**Problem description:**
Please output the listing that follows exactly, but keep all images out.

**Data shown:**
|---|

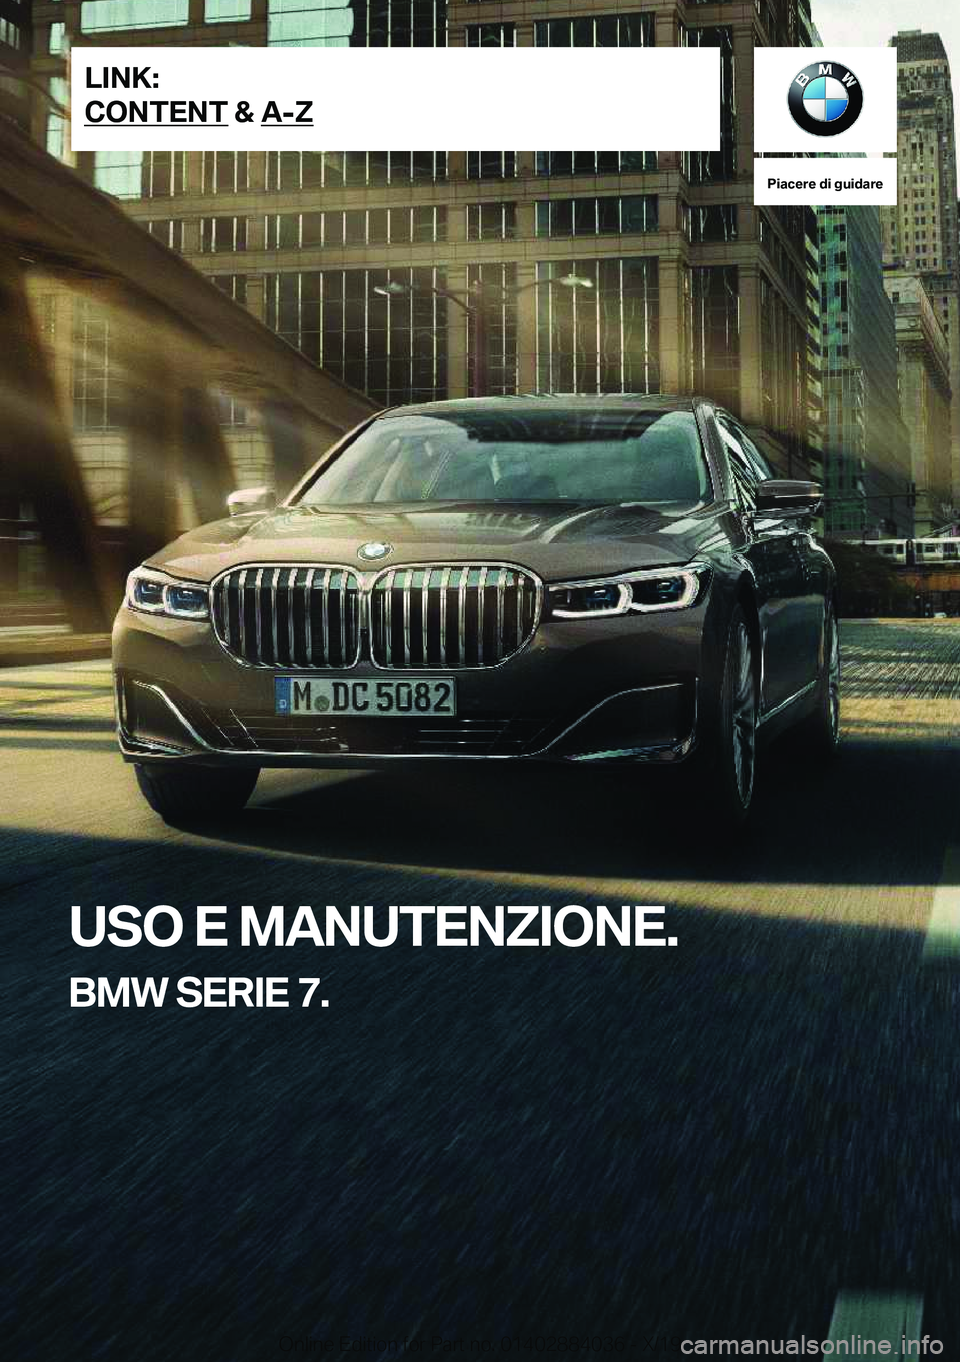 BMW 7 SERIES 2020  Libretti Di Uso E manutenzione (in Italian) �P�i�a�c�e�r�e��d�i��g�u�i�d�a�r�e
�U�S�O��E��M�A�N�U�T�E�N�Z�I�O�N�E�.
�B�M�W��S�E�R�I�E��7�.�L�I�N�K�:
�C�O�N�T�E�N�T��&��A�-�Z�O�n�l�i�n�e��E�d�i�t�i�o�n��f�o�r��P�a�r�t��n�o�.��0�1�4�

|---|

**Finished task:**
 BMW 7 SERIES 2020  Libretti Di Uso E manutenzione (in Italian) �P�i�a�c�e�r�e��d�i��g�u�i�d�a�r�e
�U�S�O��E��M�A�N�U�T�E�N�Z�I�O�N�E�.
�B�M�W��S�E�R�I�E��7�.�L�I�N�K�:
�C�O�N�T�E�N�T��&��A�-�Z�O�n�l�i�n�e��E�d�i�t�i�o�n��f�o�r��P�a�r�t��n�o�.��0�1�4�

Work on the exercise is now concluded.